How do you access the matched groups in a JavaScript regular expression?

1633

I want to match a portion of a string using a regular expression and then access that parenthesized substring:

    var myString = "something format_abc"; // I want "abc"

    var arr = /(?:^|\s)format_(.*?)(?:\s|$)/.exec(myString);

    console.log(arr);     // Prints: [" format_abc", "abc"] .. so far so good.
    console.log(arr[1]);  // Prints: undefined  (???)
    console.log(arr[0]);  // Prints: format_undefined (!!!)

What am I doing wrong?


I’ve discovered that there was nothing wrong with the regular expression code above: the actual string which I was testing against was this:

"date format_%A"

Reporting that “%A” is undefined seems a very strange behaviour, but it is not directly related to this question, so I’ve opened a new one, Why is a matched substring returning “undefined” in JavaScript?.

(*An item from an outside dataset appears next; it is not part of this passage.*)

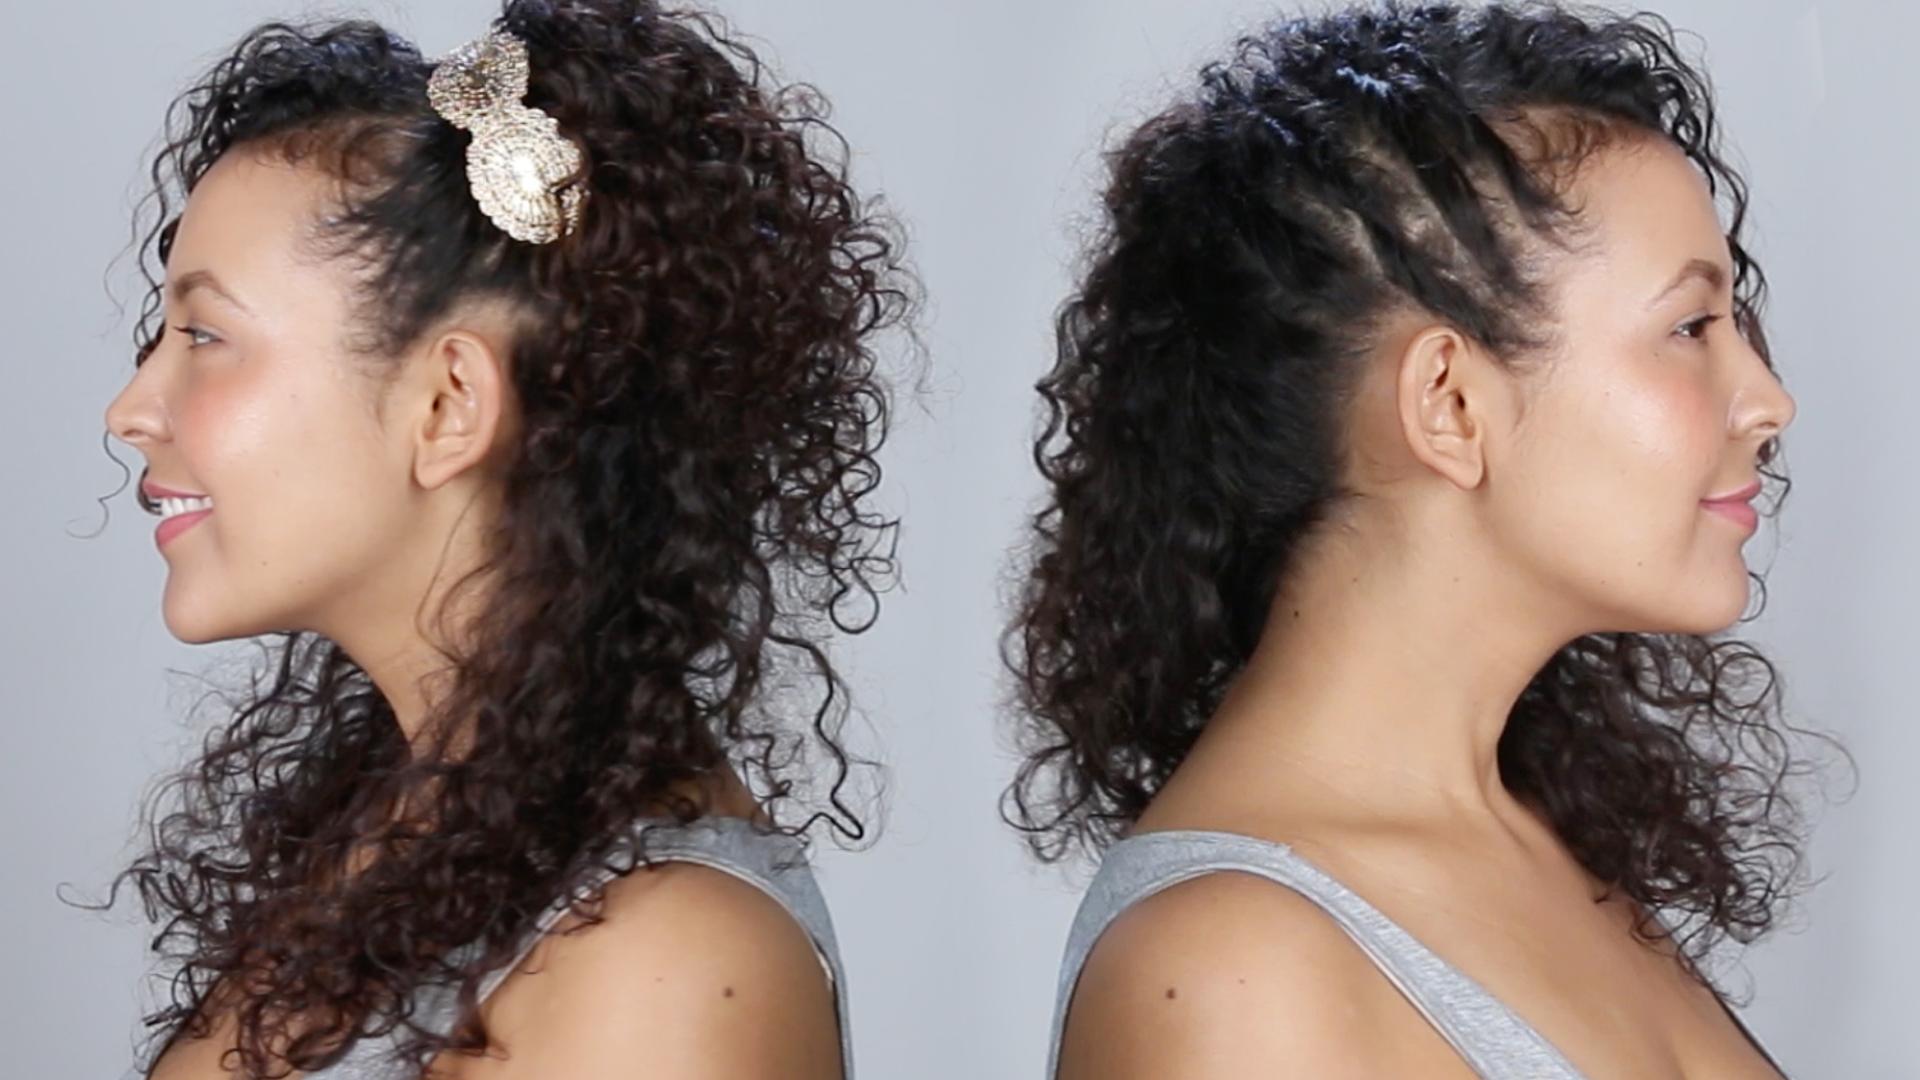 Acconciature capelli ricci corti facili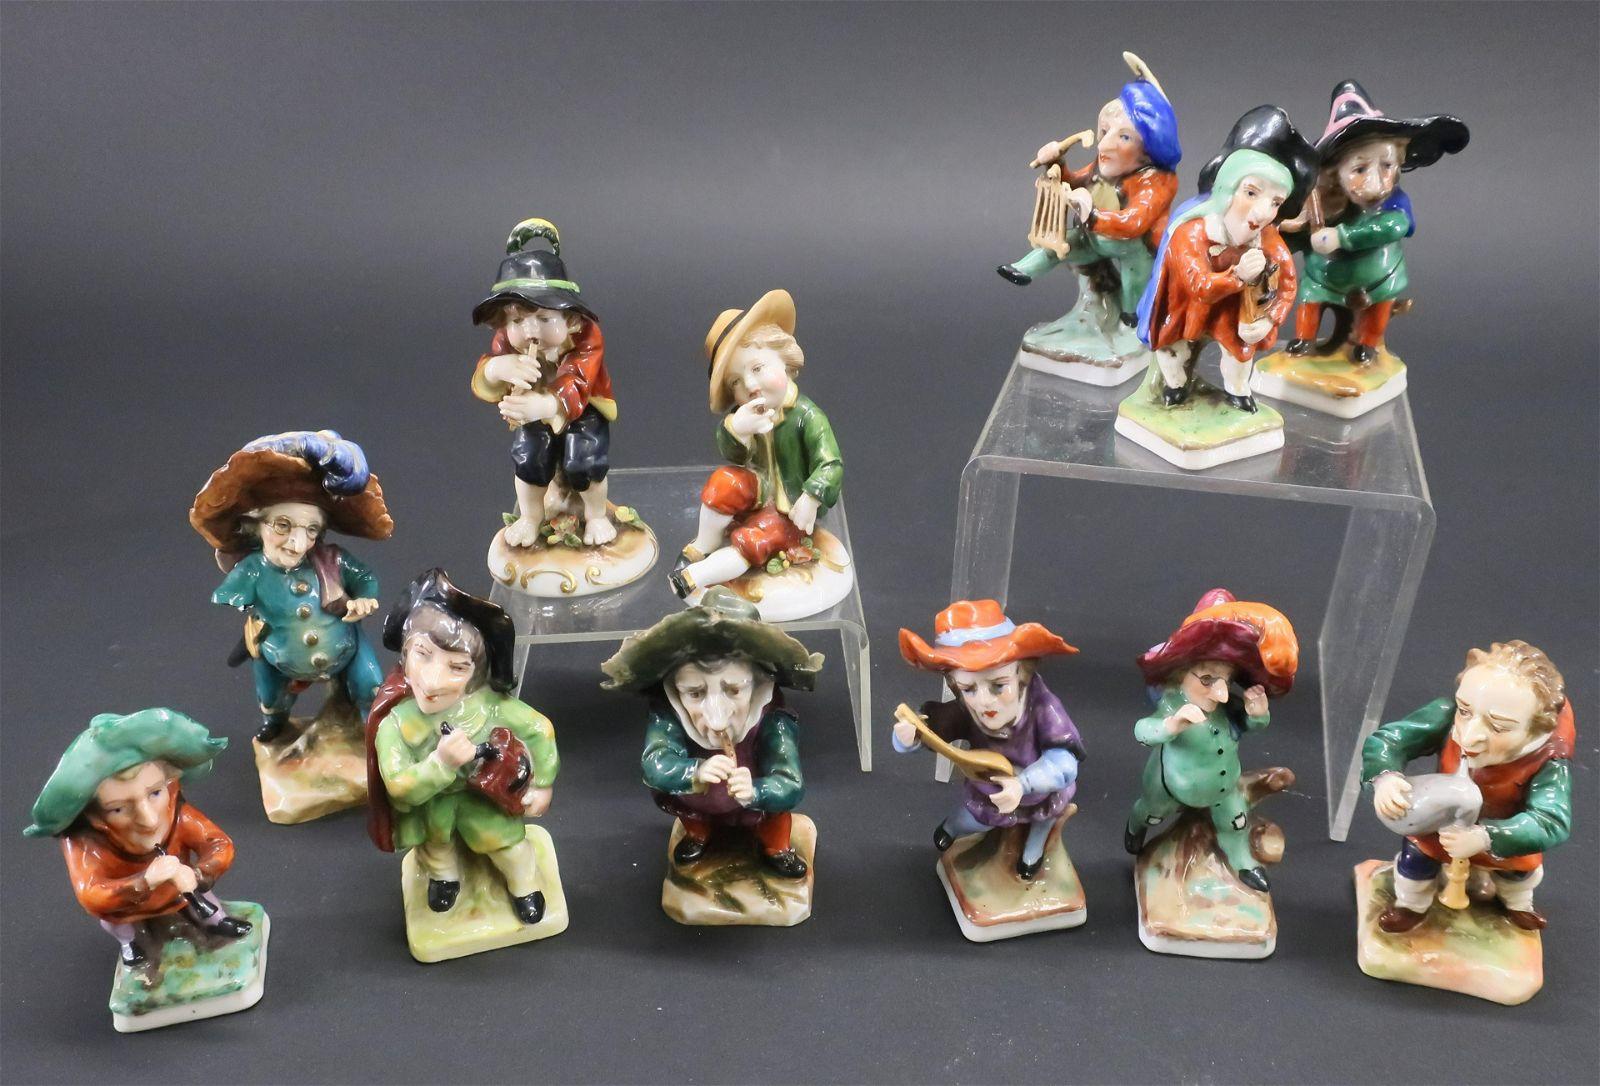 12 Capodimonte Porcelain Musicians / Figures

The issue was that console.log takes its parameters like a printf statement, and since the string I was logging ("%A") had a special value, it was trying to find the value of the next parameter.

0

    1913

    You can access capturing groups like this:

    var myString = "something format_abc";
    var myRegexp = /(?:^|\s)format_(.*?)(?:\s|$)/g;
    var myRegexp = new RegExp("(?:^|\s)format_(.*?)(?:\s|$)", "g");
    var match = myRegexp.exec(myString);
    console.log(match[1]); // abc

    And if there are multiple matches you can iterate over them:

    var myString = "something format_abc";
    var myRegexp = new RegExp("(?:^|\s)format_(.*?)(?:\s|$)", "g");
    match = myRegexp.exec(myString);
    while (match != null) {
      // matched text: match[0]
      // match start: match.index
      // capturing group n: match[n]
      console.log(match[0])
      match = myRegexp.exec(myString);
    }

    Edit: 2019-09-10

    As you can see the way to iterate over multiple matches was not very intuitive. This lead to the proposal of the String.prototype.matchAll method. This new method is expected to ship in the ECMAScript 2020 specification. It gives us a clean API and solves multiple problems. It has been started to land on major browsers and JS engines as Chrome 73+ / Node 12+ and Firefox 67+.

    The method returns an iterator and is used as follows:

    const string = "something format_abc";
    const regexp = /(?:^|\s)format_(.*?)(?:\s|$)/g;
    const matches = string.matchAll(regexp);
        
    for (const match of matches) {
      console.log(match);
      console.log(match.index)
    }

    As it returns an iterator, we can say it’s lazy, this is useful when handling particularly large numbers of capturing groups, or very large strings. But if you need, the result can be easily transformed into an Array by using the spread syntax or the Array.from method:

    function getFirstGroup(regexp, str) {
      const array = [...str.matchAll(regexp)];
      return array.map(m => m[1]);
    }
    
    // or:
    function getFirstGroup(regexp, str) {
      return Array.from(str.matchAll(regexp), m => m[1]);
    }
    

    In the meantime, while this proposal gets more wide support, you can use the official shim package.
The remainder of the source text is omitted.